* _Input data_:
——

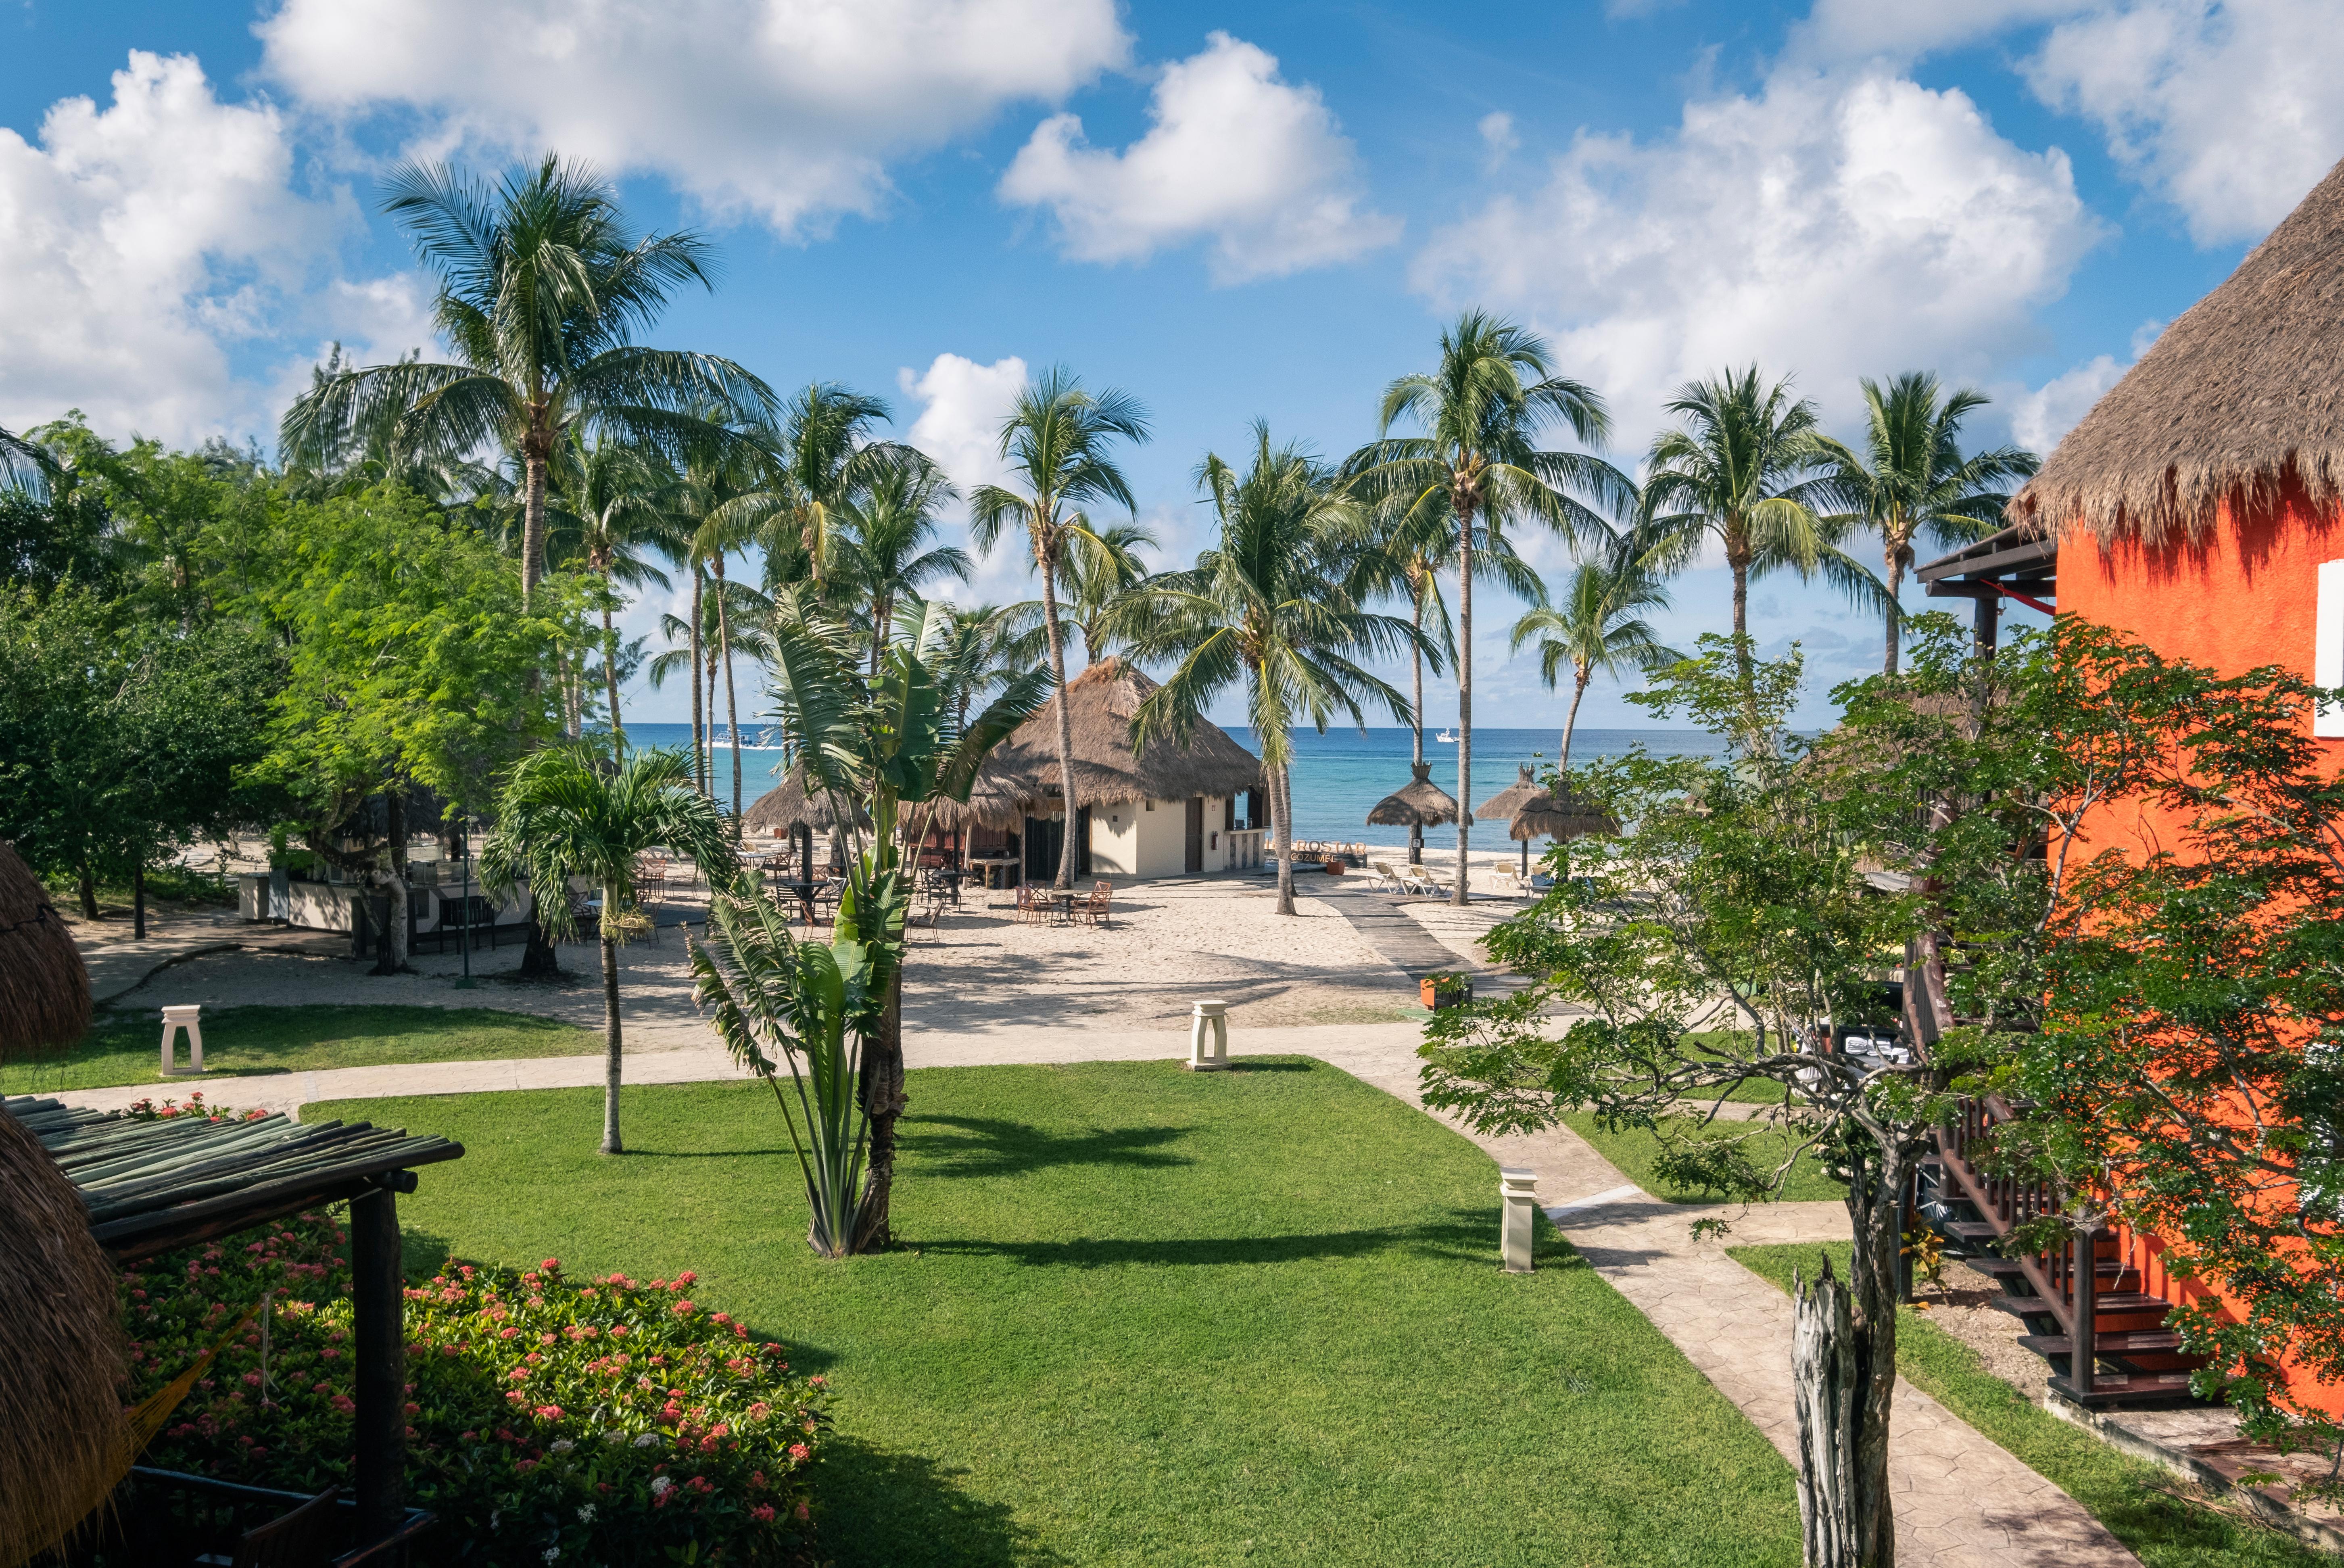 HOTEL IBEROSTAR COZUMEL 5* (Mexico) - from US$ 259 | BOOKED
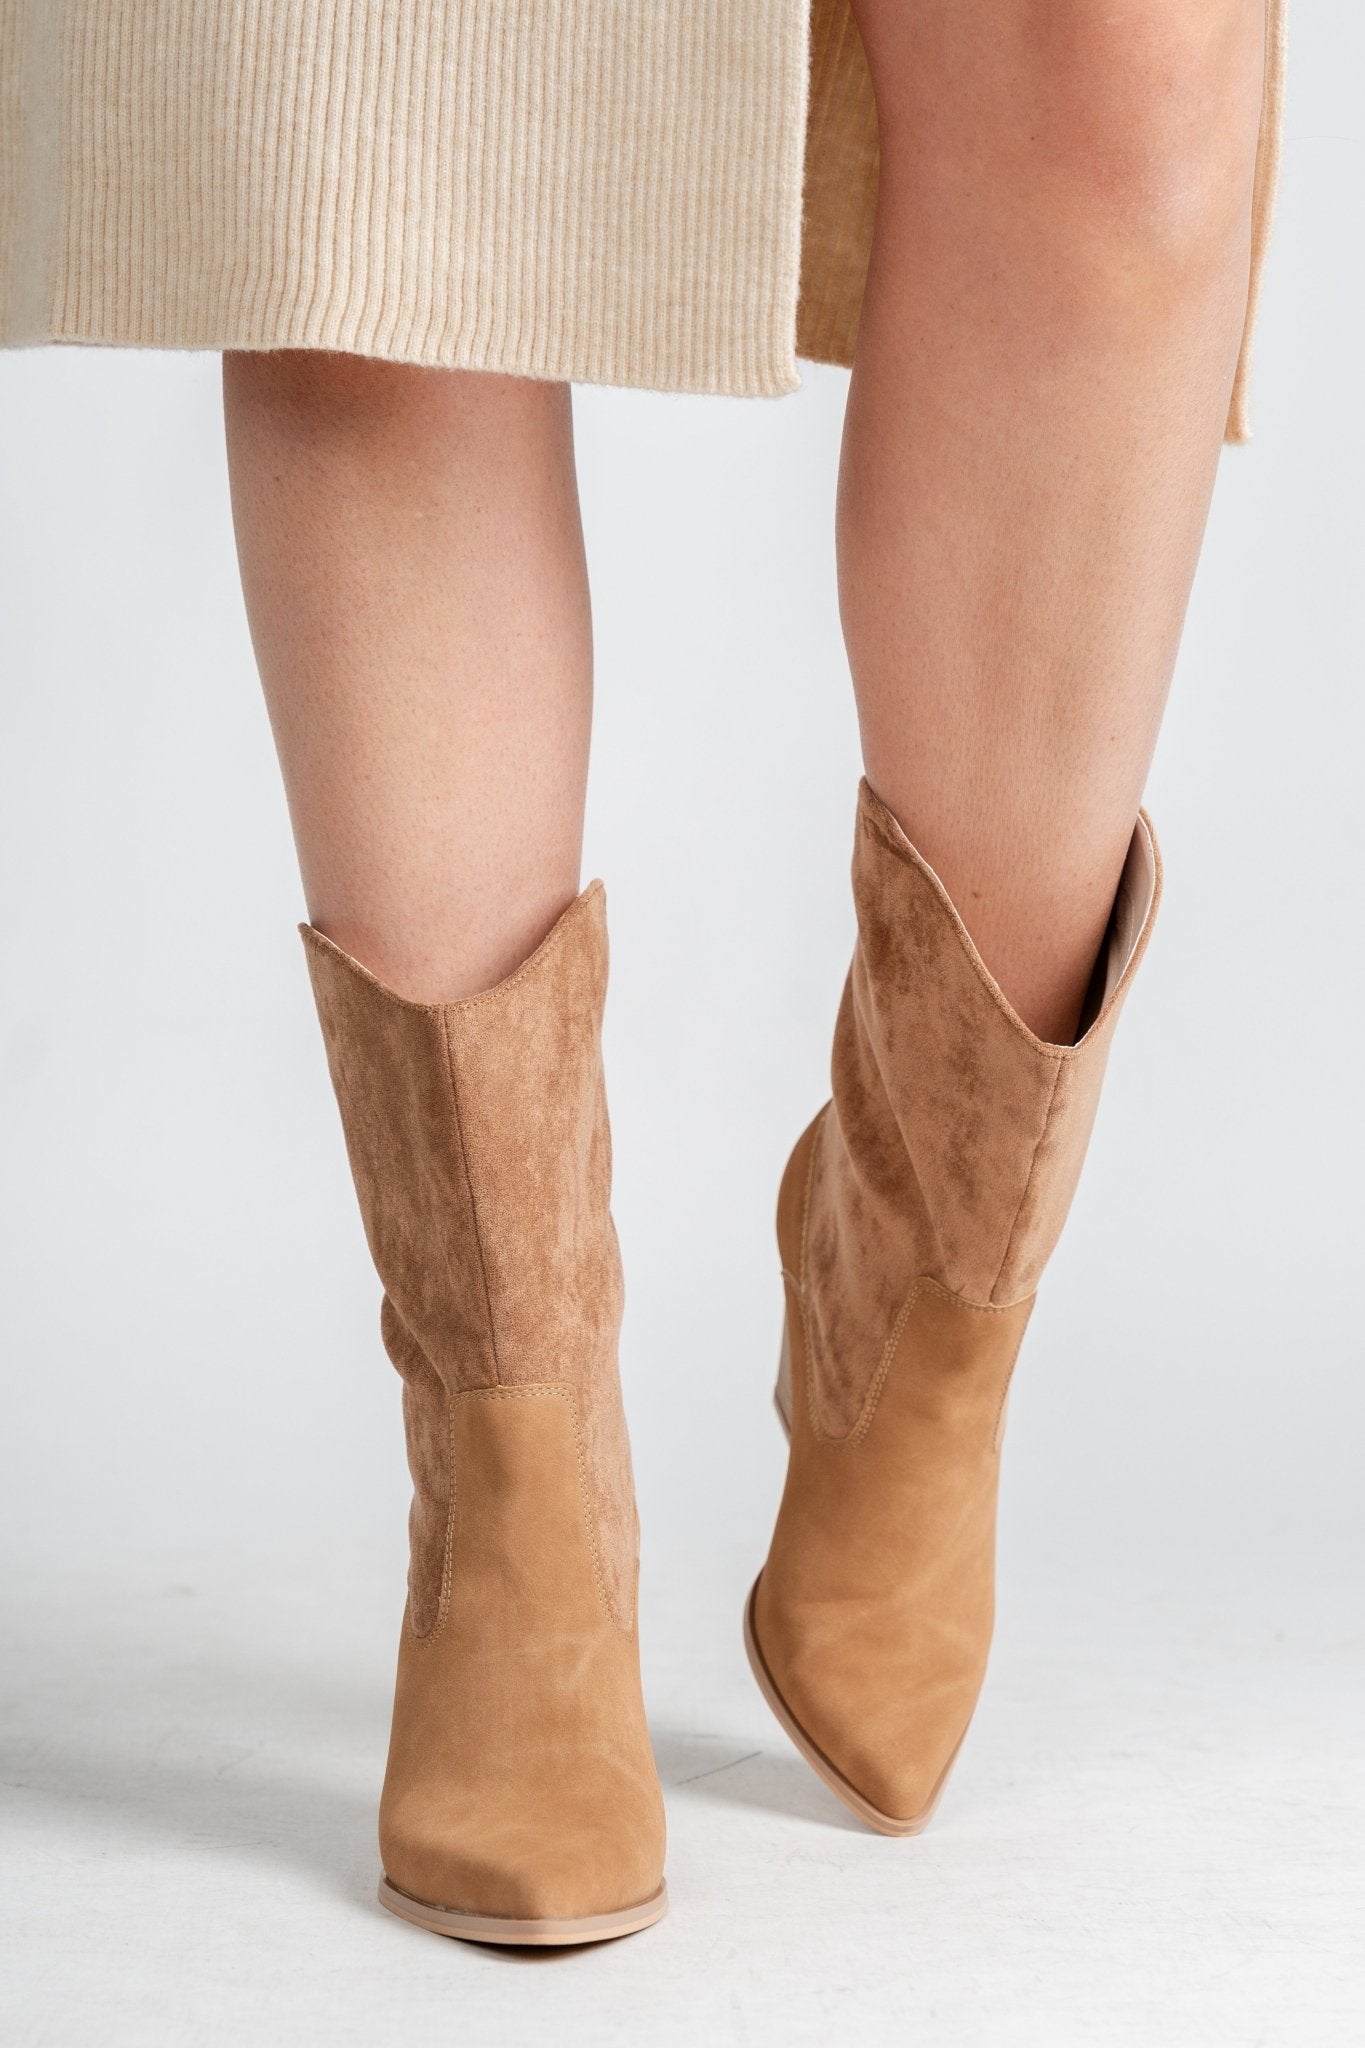 Marseille loose fit boot camel - Trendy shoes - Fashion Shoes at Lush Fashion Lounge Boutique in Oklahoma City
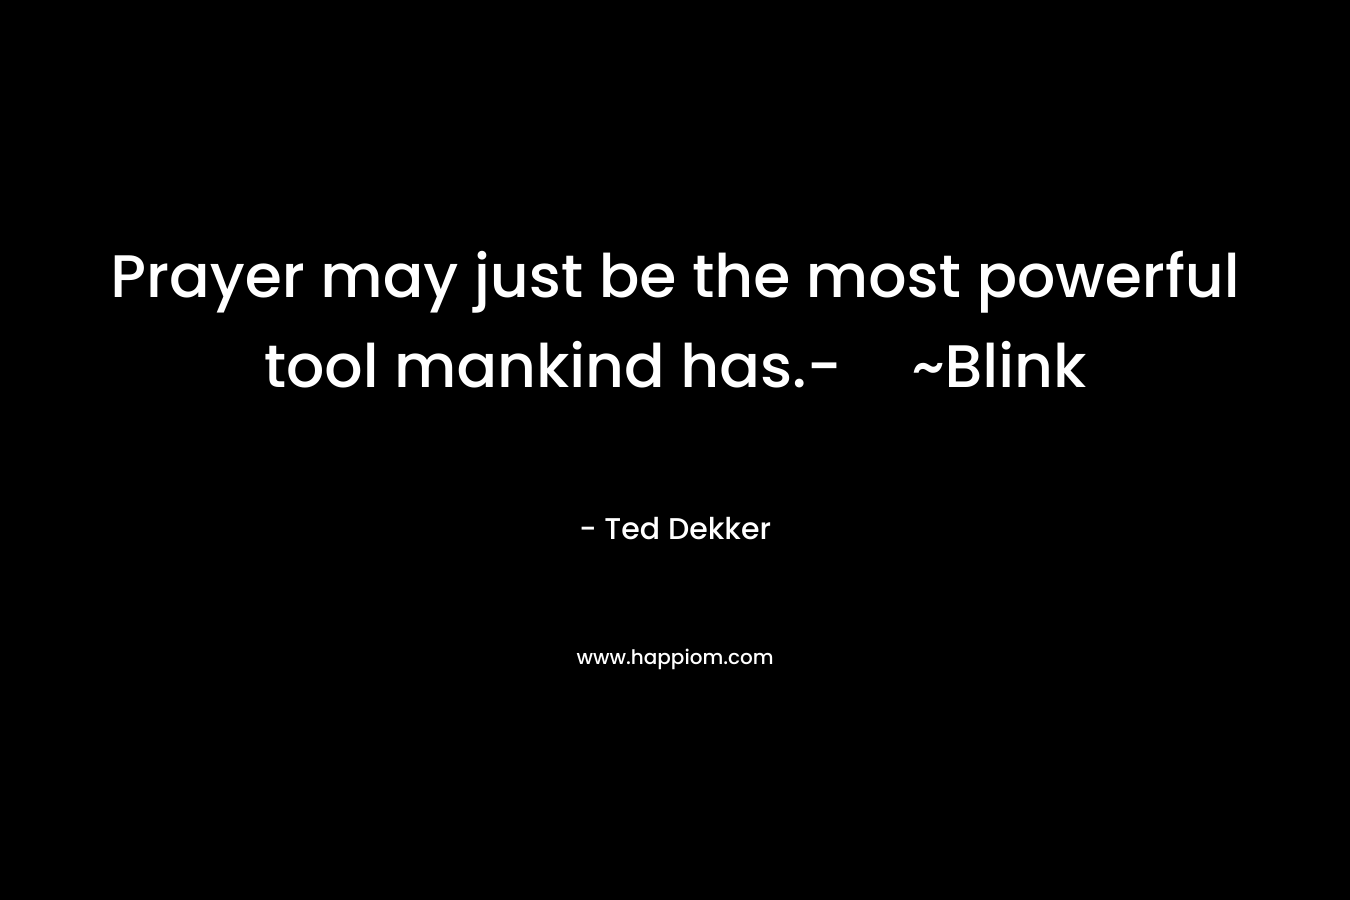 Prayer may just be the most powerful tool mankind has.-~Blink – Ted Dekker
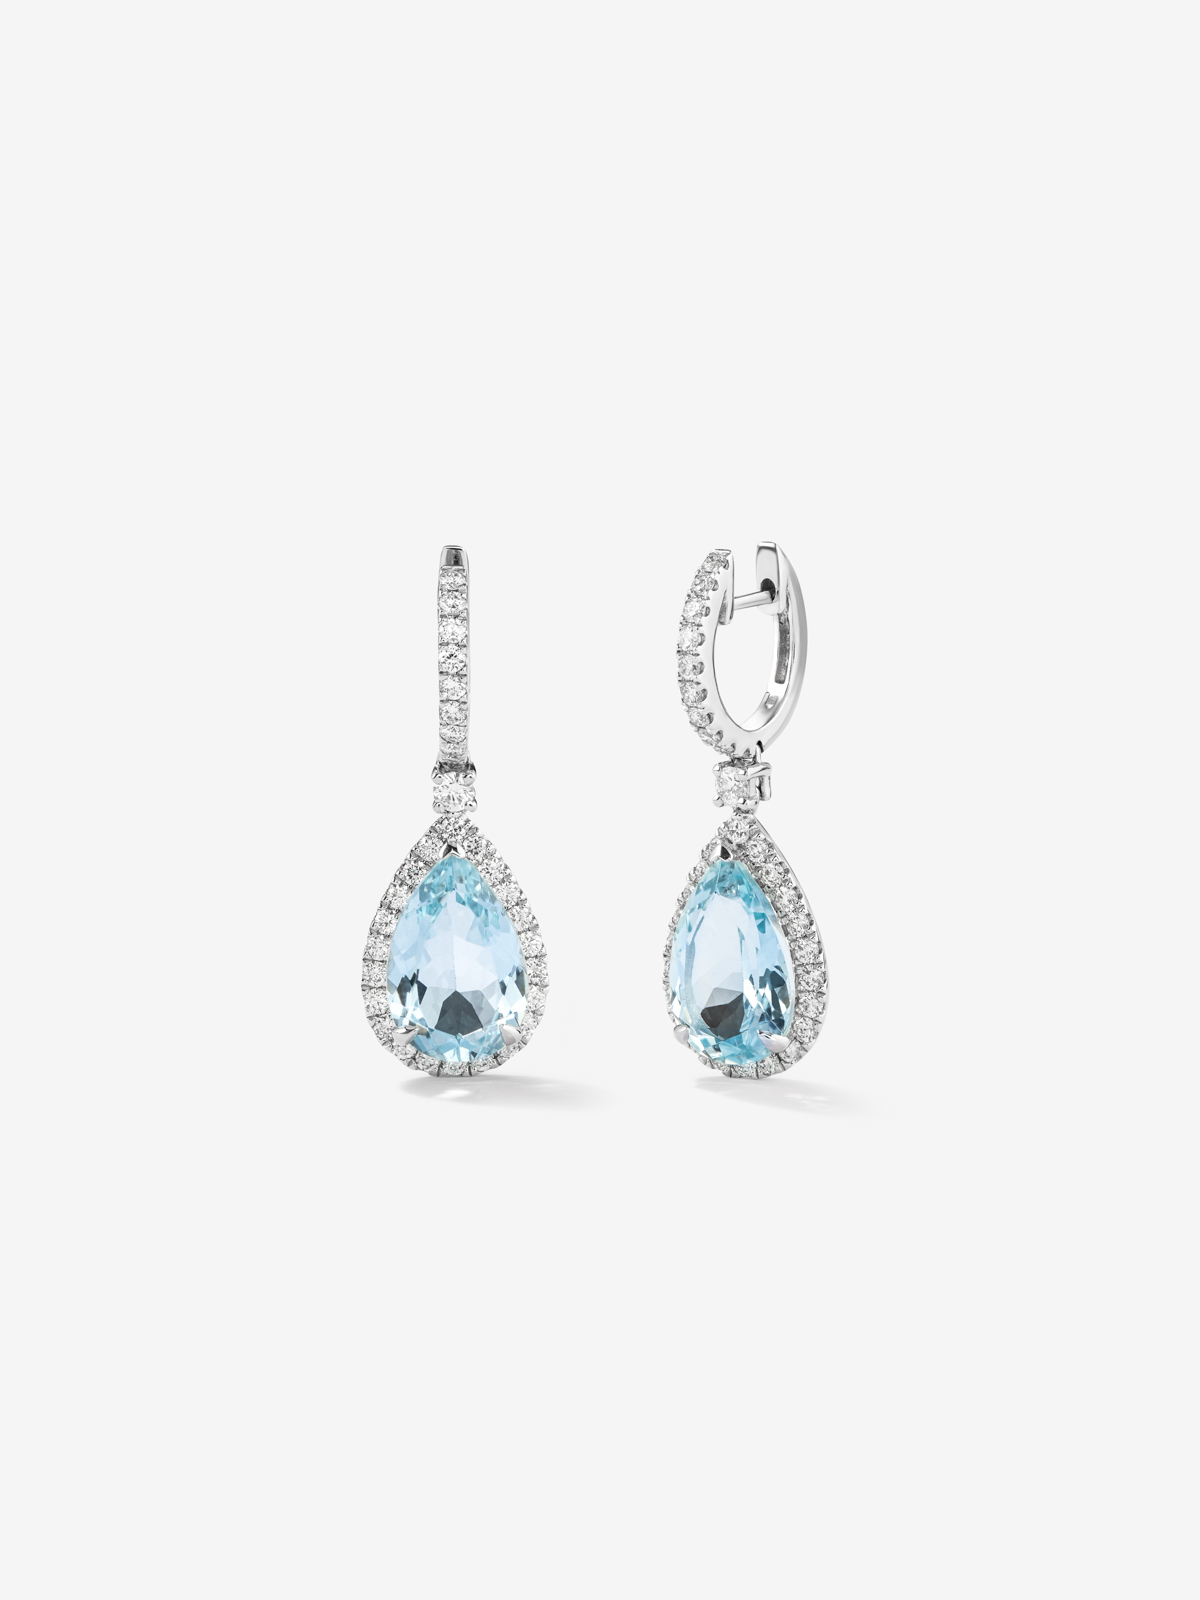 18K white gold earrings with blue aquamarines in 2.19 cts and white diamonds in bright 0.68 cts

——

* _Task description_: Print the full listing above exactly. Pictures stay out of the copy.

* _Answer section_:
 HOTEL IBEROSTAR COZUMEL 5* (Mexico) - from US$ 259 | BOOKED
 Marseille loose fit boot camel - Trendy shoes - Fashion Shoes at Lush Fashion Lounge Boutique in Oklahoma City
 Prayer may just be the most powerful tool mankind has.-~Blink – Ted Dekker
 18K white gold earrings with blue aquamarines in 2.19 cts and white diamonds in bright 0.68 cts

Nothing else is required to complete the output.